- Born: Mary Ann Russell October 30, 1928 San Francisco, California, US
- Died: June 5, 2021 (aged 92) Des Plaines, Illinois, US
- Other names: Mary Joseph of the Trinity
- Occupations: Socialite, Carmelite nun
- Children: 10
- Father: Donald J. Russell

= Ann Russell Miller =

American socialite (1928–2021)

Ann Russell Miller, O.Carm (October 30, 1928 – June 5, 2021) was an American socialite who left her wealth behind to become a Carmelite nun known as Sister Mary Joseph of the Trinity.

== Early life ==
Mary Ann Russell was born in San Francisco on October 30, 1928. Her father, Donald J. Russell, chaired Southern Pacific Railroad. Her mother was Louise Herring Russell.

She was an only child after the death of her sister Donna when she was young.

== Personal life ==
Russell had dreams of becoming a nun, but instead fell in love and married Richard K. Miller on June 15, 1948. Richard was an heir to the Folger coffee fortune. He was also the grandson of Christian Otto Gerberding "C.O.G." Miller, the founder of Pacific Lighting Corporation, which eventually became Pacific Gas and Electric Company; Richard eventually rose to the vice presidency of that company. She and Richard had a total of ten children.

She became a prominent socialite in San Francisco, holding a spot on 22 organization boards and donating money to various causes. According to a 2005 feature in the San Francisco Chronicle she was friends with Loretta Young, Nancy Reagan, and Phyllis Diller. She held frequent parties at her nine-bedroom San Francisco mansion, and spent her days smoking, drinking champagne, playing cards and travelling around the world on scuba diving trips. Even so, she was a devout Christian and made a pact with her husband that when one of them died, the other would join a religious order. When her husband died of cancer in 1984, Corky Bowles invited her to join him on his yacht, and proposed. She refused as she had already made up her mind that she now belonged with the Carmelite nuns.

On her 61st birthday in 1989, Miller announced she would be entering a convent, left her mansion overlooking San Francisco Bay before it was sold to a member of the band Metallica. She threw a party at the San Francisco Hilton for 800 guests. She wore a flower crown, and carried a helium balloon with the words "Here I am", so that people could find her in the crowd of 800 attendees. She gave away all of her possessions, and boarded a plane the following day to join the Sisters of Our Lady of Mount Carmel based in Des Plaines, Illinois. She announced that "The first two-thirds of my life were devoted to the world. The last third will be devoted to my soul."

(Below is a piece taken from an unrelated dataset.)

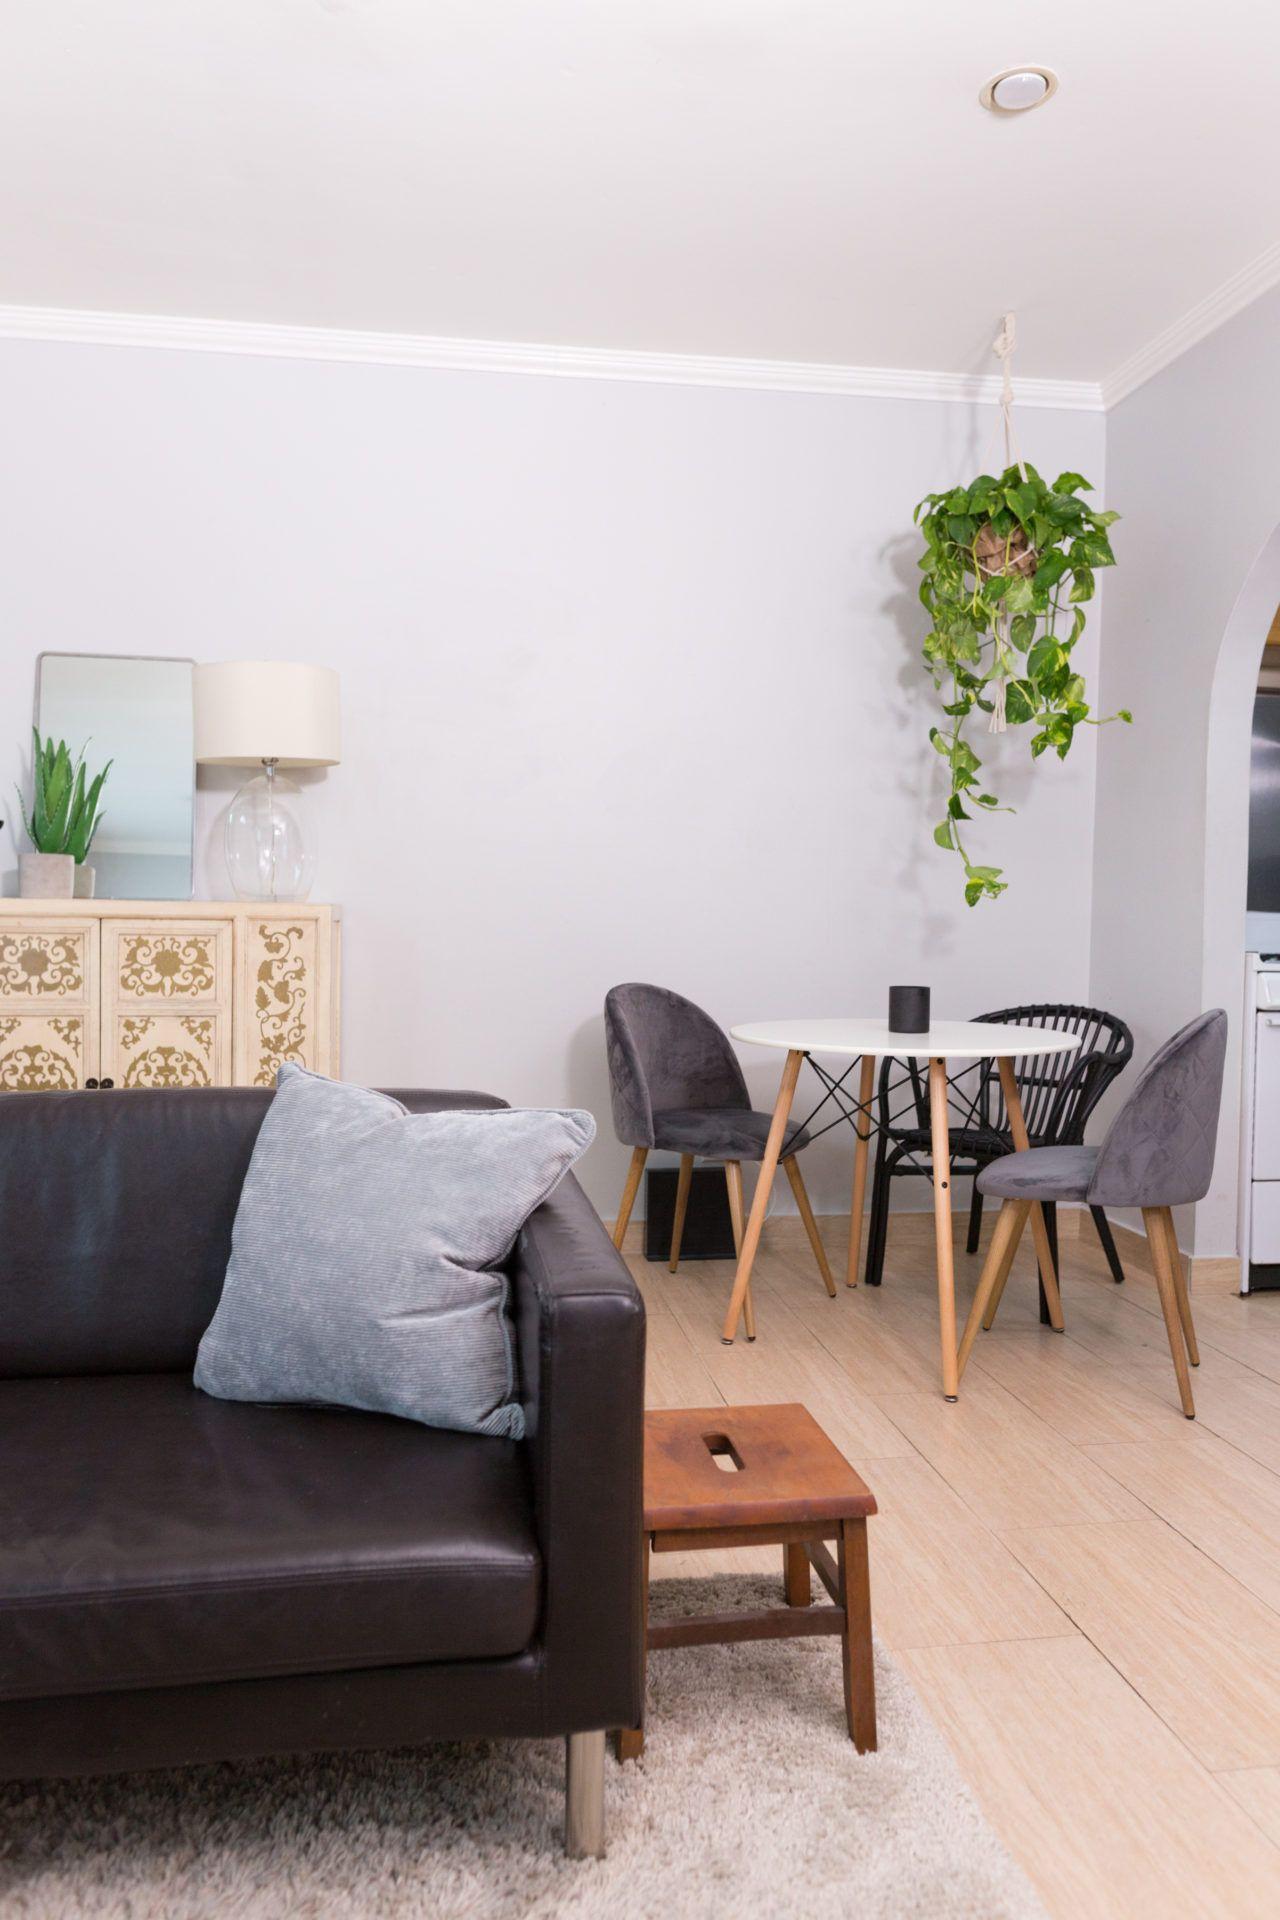 Tumblr Minimalist Living Room On A Budget Minimalist Dining

Her children's reactions were mixed.

Miller remained in the convent for the rest of her life, rarely seeing her family. According to one of her sons, Mark Miller, "She was kind of an unusual nun. She didn't sing very well. She was frequently late to her required duties around the convent. She threw sticks for the [community] dogs, which was not allowed. Also, she was my mother."

== Death ==
Miller died after complications from a stroke on June 5, 2021, aged 92. She was buried on the grounds of the convent in Des Plaines, Illinois, and her family had a private funeral for her.